1) Video call your loved one
If your loved one has a WIFI connection, a smartphone and an email address, they’re already three steps ahead! There are several apps you can use to video call your loved one – Zoom, Skype, Facetime, Google Duo, WhatsApp – just to name a few. I recommend keeping the conversation to a maximum of three people. It increasingly becomes difficult to hear with additional people, especially if people are talking at the same time!
Traditional phone calls are wonderful and always appreciated but video calls are more interactive. In a video call, you can see your loved one’s facial expressions and body language. You can even get creative with video calls! On a call, you can virtually share a cup of tea, you could try puzzling together, or you could even start a craft together. It doesn’t have to be a traditional conversation it could be a time to engage your loved one in a fun activity.

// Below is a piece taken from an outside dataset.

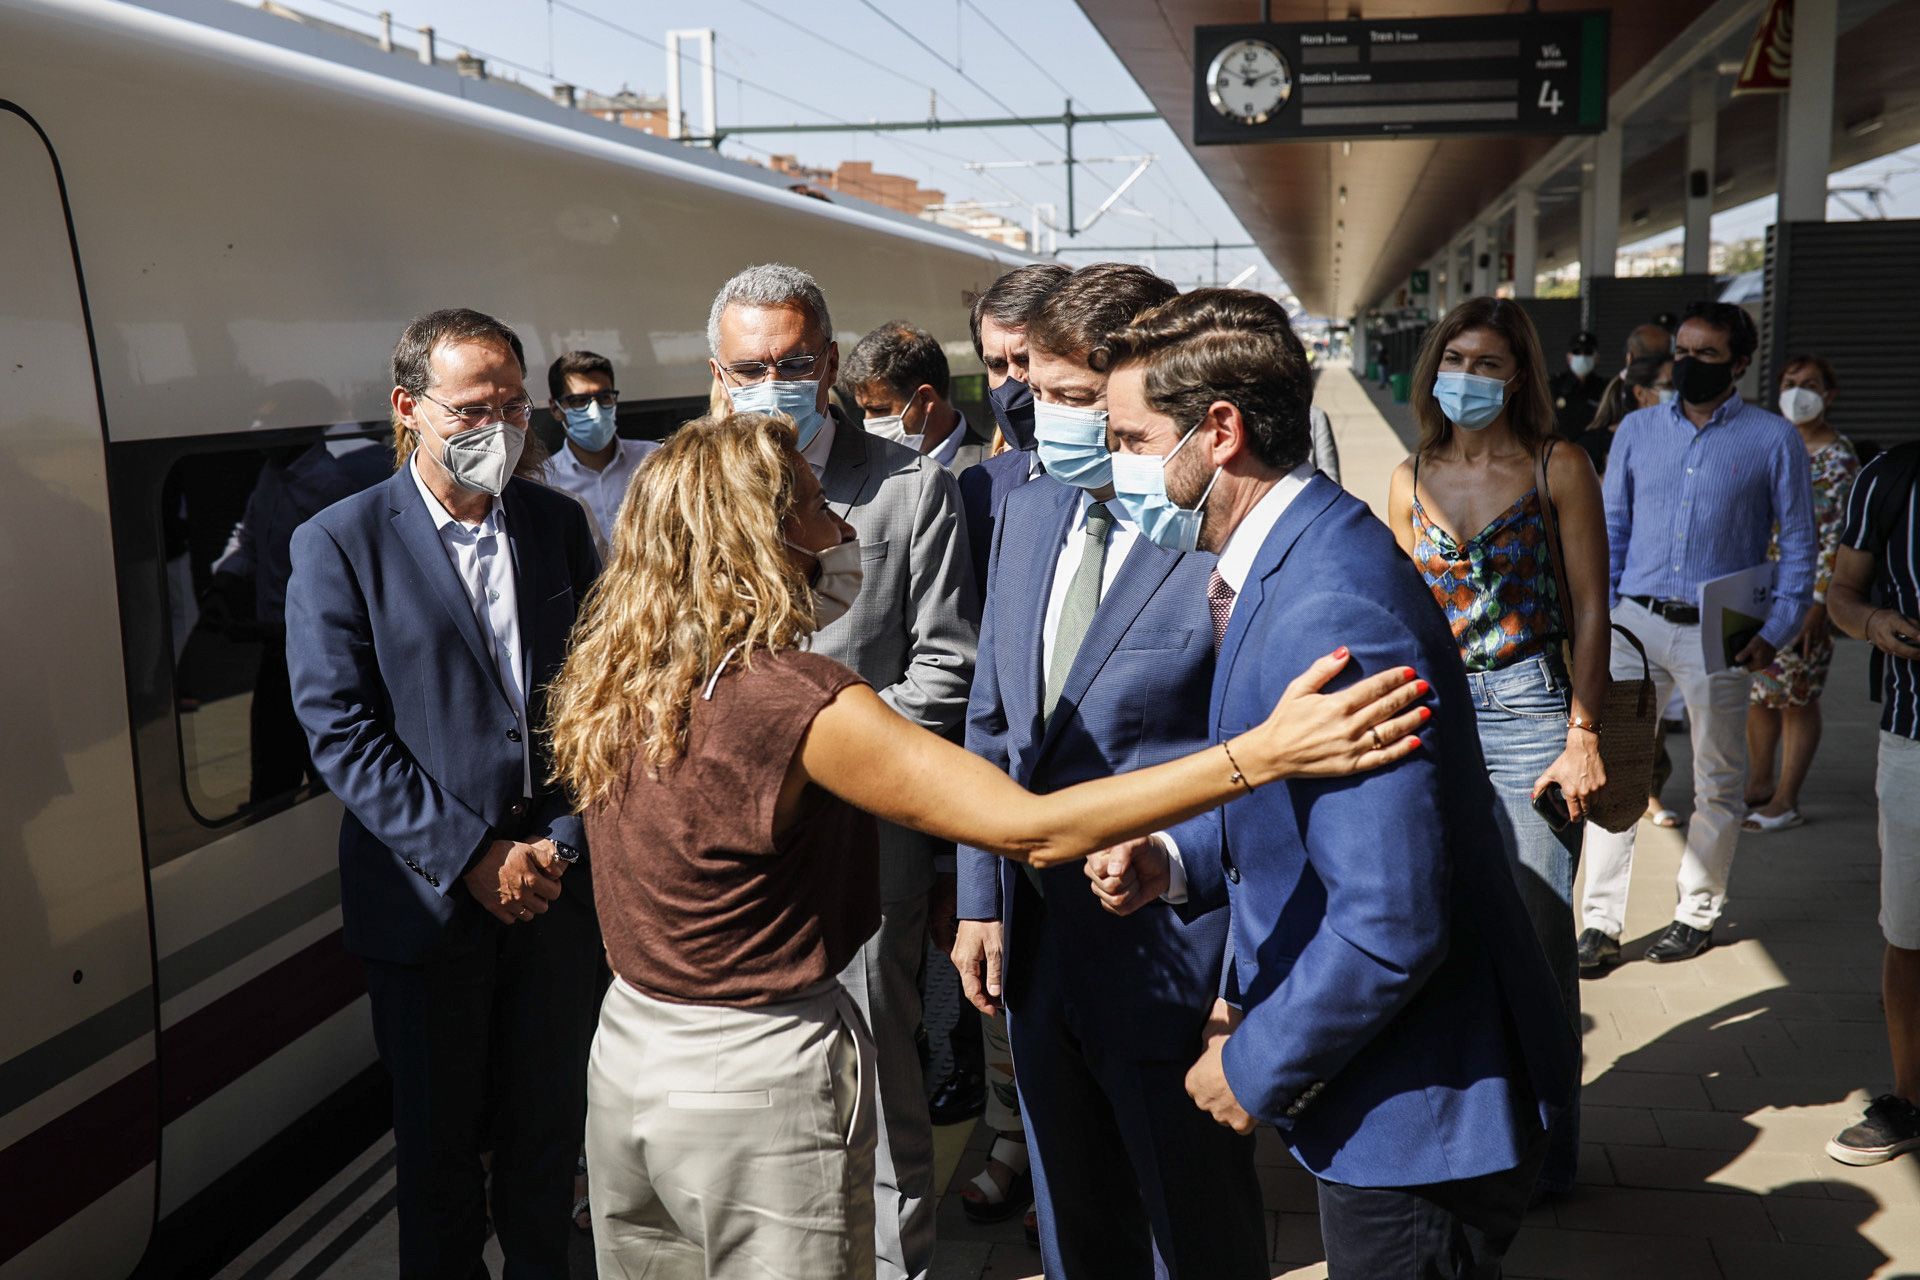 GALERÍA | Así ha sido en imágenes la inauguración de la estación del AVE en Otero de Sanabria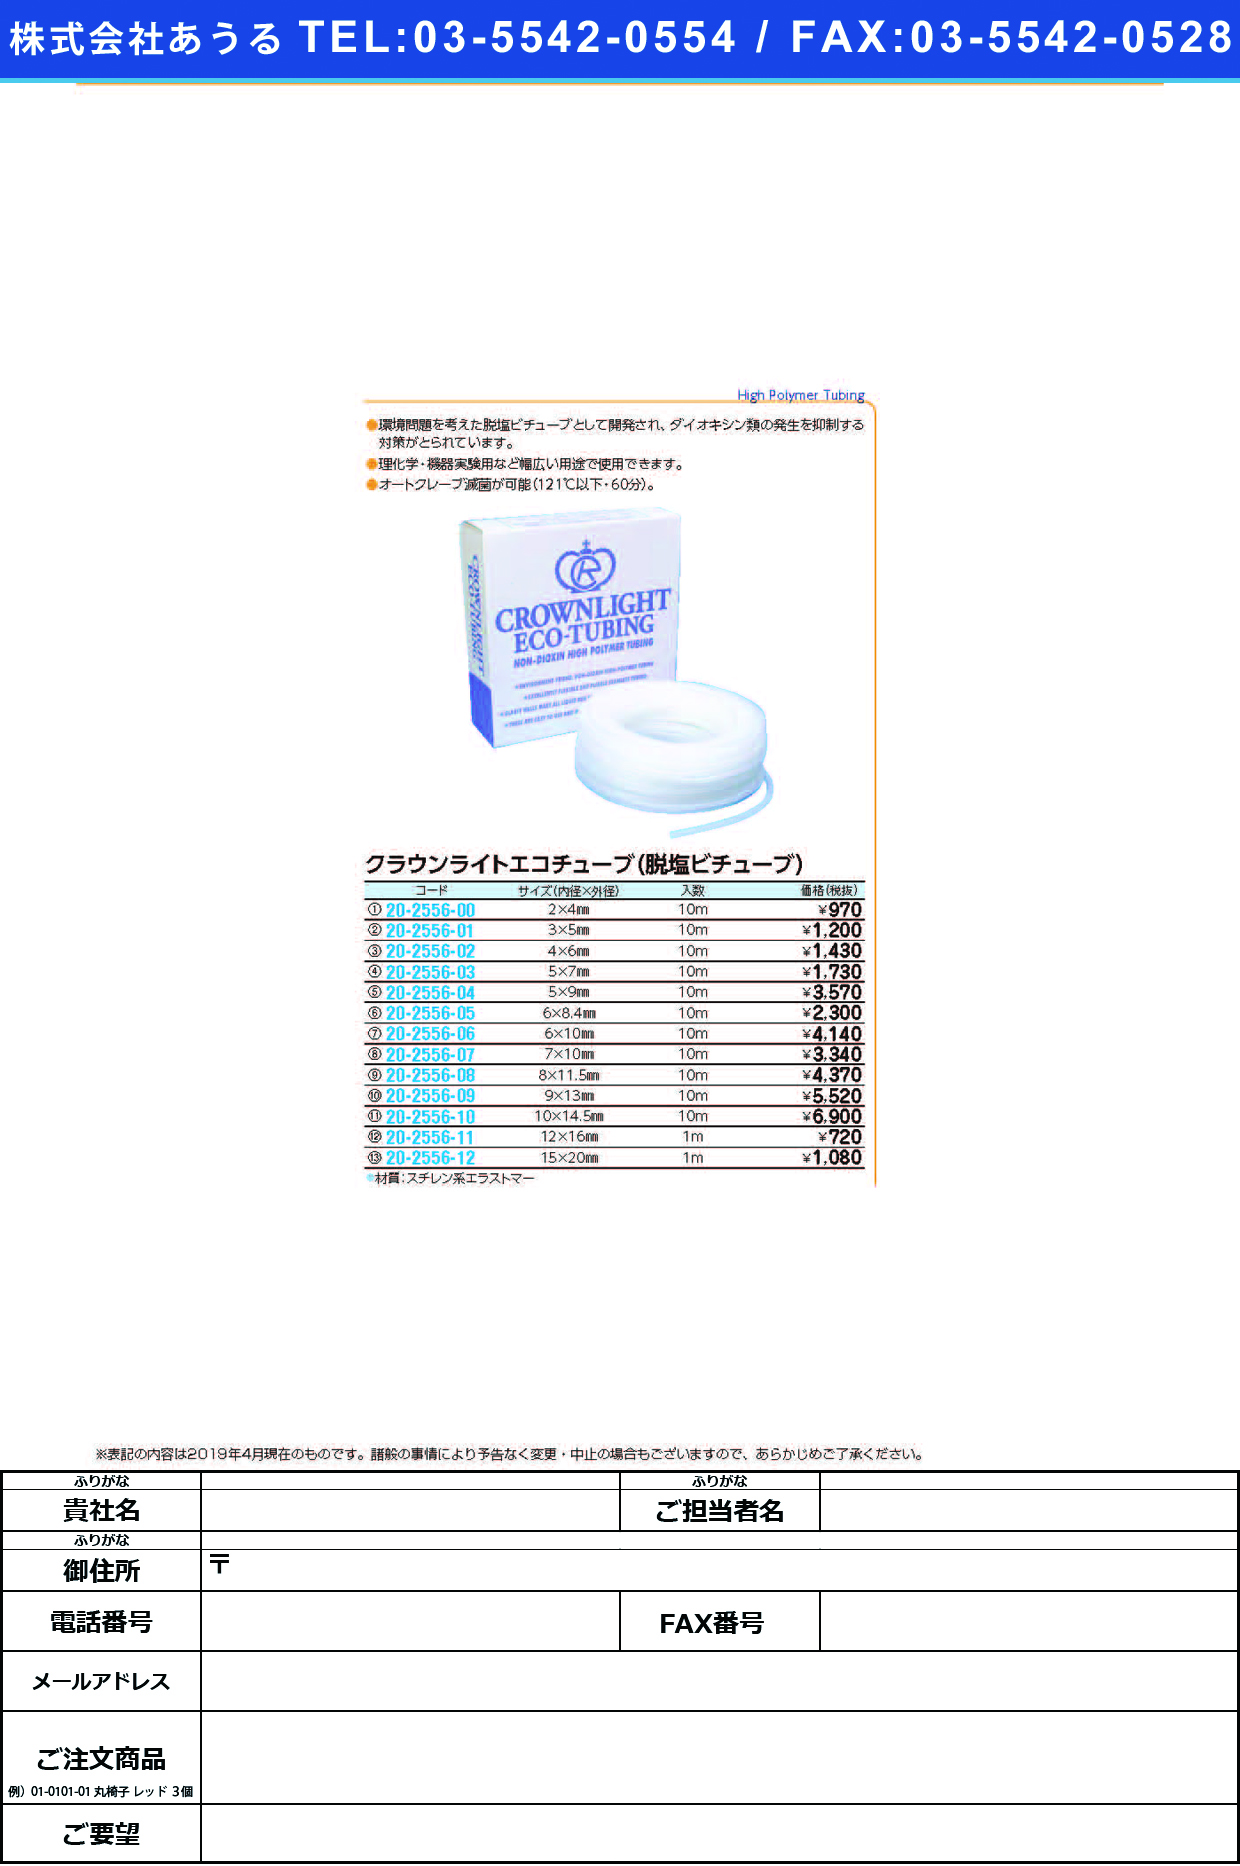 (20-2556-09)クラウンライトエコチューブ 9.0X13.0(10Mｲﾘ) ｸﾗｳﾝﾗｲﾄｴｺﾁｭｰﾌﾞ【1袋単位】【2019年カタログ商品】

2) Play an online game with your loved one
If your loved one doesn’t want to be on video but wants to interact virtually, you can introduce online games. There are apps where you can compete against your loved one, such as words with friends, chess, scrabble, billiards, etc. There’s an endless amount of options in the Apple store and in the Google Play store. You are bound to find a game that looks interesting and fun!
3) Watch a movie together
Who doesn’t love movies?! Pop some popcorn and watch a movie with your loved one. Netflix released a new feature called Netflix party for desktop computers. It allows you to synchronize video playback and adds a group chat between yourself and your loved one. This is a great tool for a fun family gathering! You can add the grandkids to the party as well, and it can become a weekly ritual.
If your loved one doesn’t have Netflix or a computer, you can always video call your loved one as you both watch the same TV channel or DVD. Another option is simply calling your loved one on the phone. Even though watching a movie is generally done quietly, it’s comforting knowing that you are with someone and sharing the moment with someone you love.

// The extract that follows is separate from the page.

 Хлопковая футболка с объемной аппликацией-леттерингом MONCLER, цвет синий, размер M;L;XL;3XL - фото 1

4) Visit a furry friend on Furbo
Furbo is a camera that’s designed for dogs. It’s a neat device that allows owners to check in on their pets remotely. There is also a microphone so dogs can even hear their owner’s voice commands.
We have a client – let’s call her Jeanie - who loves receiving visits from her daughter’s dog Buddy. When chatting with Jeanie, I was happy to discover that she’s been visiting her daughter’s dog virtually on Furbo. Through the app on her smartphone, she is able to talk to Buddy, see what trouble he is up to and throw him treats by clicking a button.

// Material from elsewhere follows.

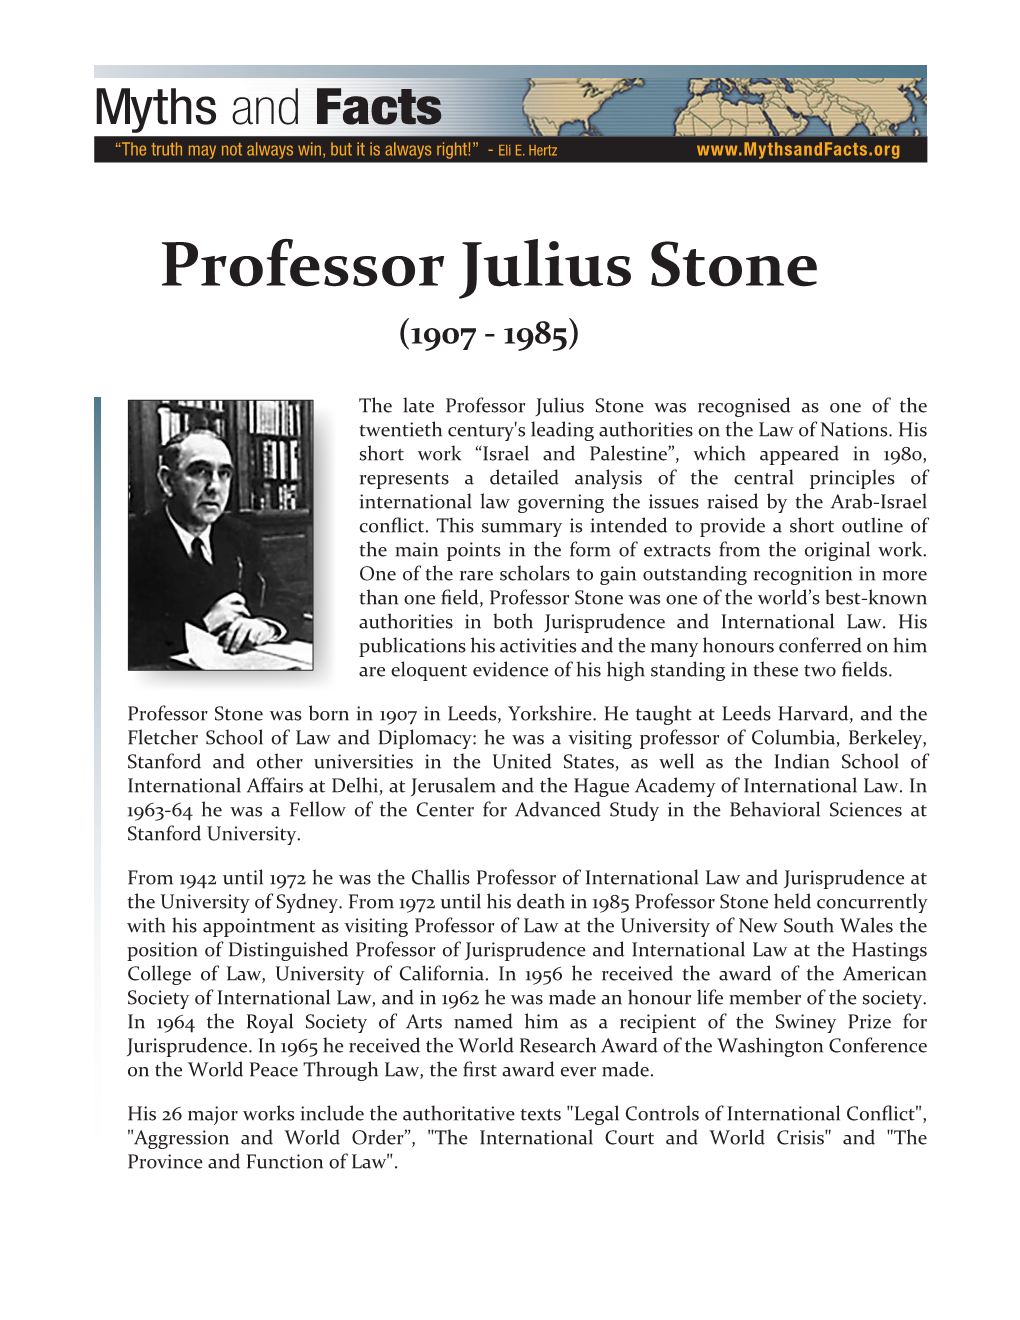 Professor Julius Stone (1907 - 1985)

Throughout my conversation with Jeanie, I could sense how happy she was to have the chance to interact with Buddy. Even her regular caregiver mentioned how Jeanie brightens up after interacting with Buddy on Furbo. The moments she is interacting with Buddy not only make her laugh and smile but they also provide Jeanie comfort and peace.
It might take a few tries to get your loved one comfortable with technology but the time and patience to teach them are worth it. Your elderly loved ones will thank you for giving them the opportunity to connect. During this difficult season, we might have to socially distant but we don’t have to socially isolate.